Circuit Idea/Revealing the Truth about ECL Circuits< Circuit Idea
Circuit idea: Use a transistor stage with switchable voltage and current emitter sources: at low input voltage, disconnect the sources from the emitter; during the transition, connect both the voltage and current source; at high input voltage, connect only the current source to the emitter.
Revealing the basic ideaEdit
ECL gates are maybe the oddest logic circuits that arouse many questions. For example, in contrast to other logic gates, they are based on a differential amplifier... but why? What problem does it solve in these circuits? They say the differential amplifier acts here as a current steering switch. Well, it steers... but we want to know why the emitter current is steered between the two legs; with what purpose the current is steered. To answer these questions, we have first to show what the fundamental problem of ordinary logic circuits is and then to show how this problem is solved in ECL.

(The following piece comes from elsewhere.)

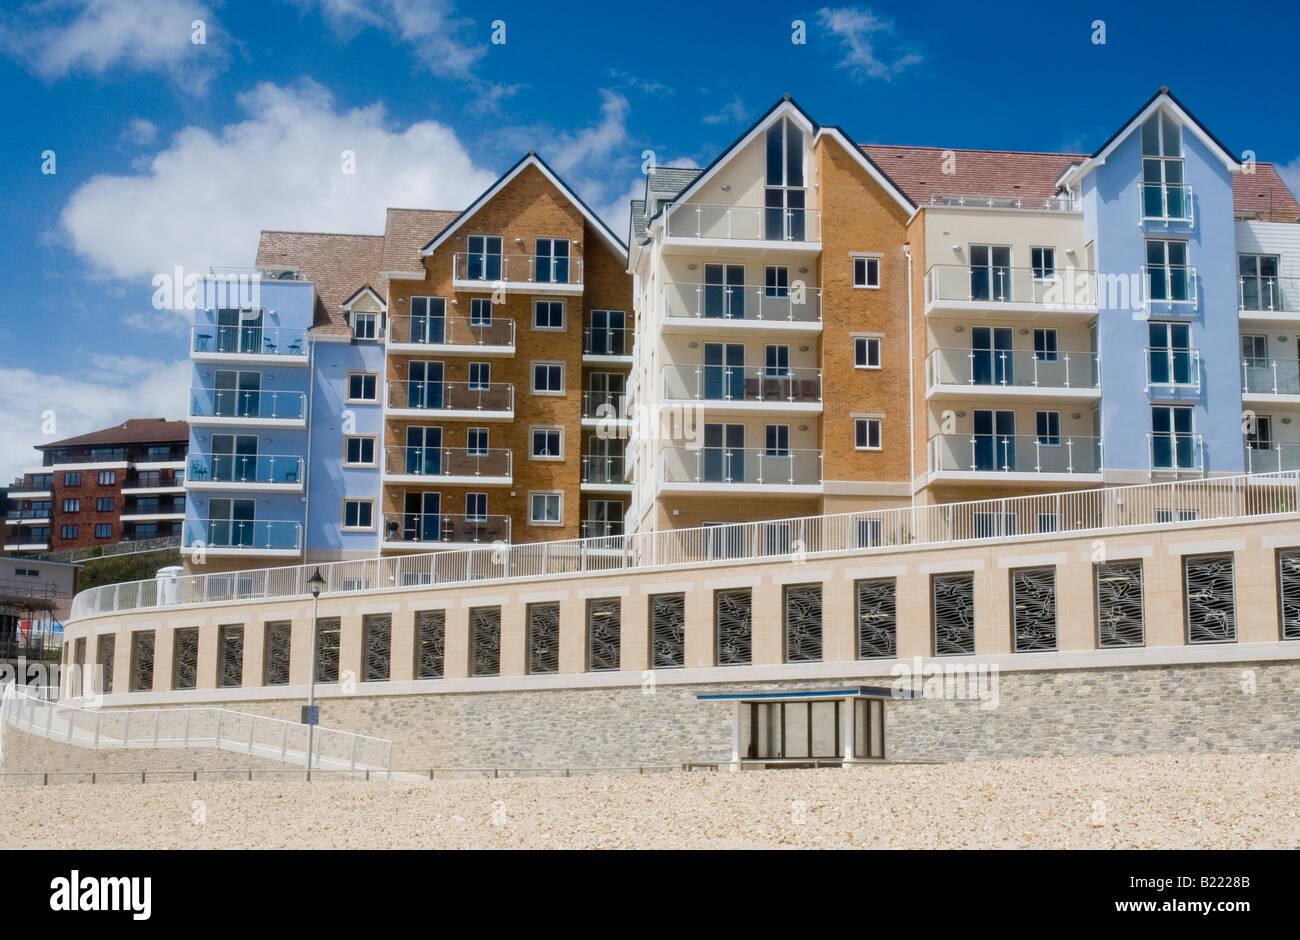 New Housing Development : The new barratt homes development of seafront apartments

The fundamental idea behind ECL is not differential amplifier or current steering although, in the middle of transition, the circuit is exactly a differential amplifier (an emitter-coupled amplifier) that steers the current between the legs. Differential amplifier, emitter-coupled amplifier and current steering are misleading concepts in explaining ECL circuits. They cannot explain what fundamental problem ECL has solved as they focus our attention to the middle part of the transition where actually there is no any problem! In this area, the transistors of all the ordinary logic circuits (RTL, DCTL, DTL and TTL) work perfect as common-emitter stages in active regime. If we were staying in this area, there was no any need to replace them with this more sophisticated and odd 3-component structure figuratively named long-tailed pair as it would do the same - it would work as the same common-emitter stage!

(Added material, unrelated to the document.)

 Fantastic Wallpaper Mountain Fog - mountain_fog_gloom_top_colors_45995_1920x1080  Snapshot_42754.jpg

The problem of saturationEdit
A problem appears when the input voltage approaches the high threshold (logical "1") and the transistors of the ordinary logic circuits (RTL, DCTL, DTL and TTL) saturate; as a result, they work slowly. But, as curious readers would think, the differential (emitter-coupled) amplifier couldn't solve this problem as, in this area, the reference transistor T3 is cut-off and the differential amplifier is not an amplifier. In actul fact, the long-tailed pair is cut in two and this structure is no more a differential amplifier; its two new parts are something else. So, the paradox of this classic viewpoint is that we use a differential amplifier where actually it is not a differential amplifier!
Saturation is the fundamental problem that ECL circuits solve at high input voltage (logical "1"). This and only this is the amazing feature of ECL; the other advantages (as the presence of two inverse outputs) are inessential. So, it is our primary duty to show in this page the basic idea (the clever trick, the circuit solution, the remedy...) that is used to prevent saturation. But how can we prevent saturation? Let's see and compare various anti-saturation techniques.
How to prevent saturationEdit
We can drive the transistor from the side of the base and from the side of the emitter. So, we may prevent saturation indirectly from the side of the base by limiting the base current or directly from the side of the emitter by limiting the very collector current.
...from the side of the base...Edit
We have two techniques for limiting the base current that require the presence of a base resistor (i.e., they are inappropriate for direct-coupled circuits).
- The simplest and obvious solution is to decrease the base current by increasing the base resistance. But the large tolerances of β make this approach unrealizable  as the collector current and the point of saturation will depend on the particular transistor.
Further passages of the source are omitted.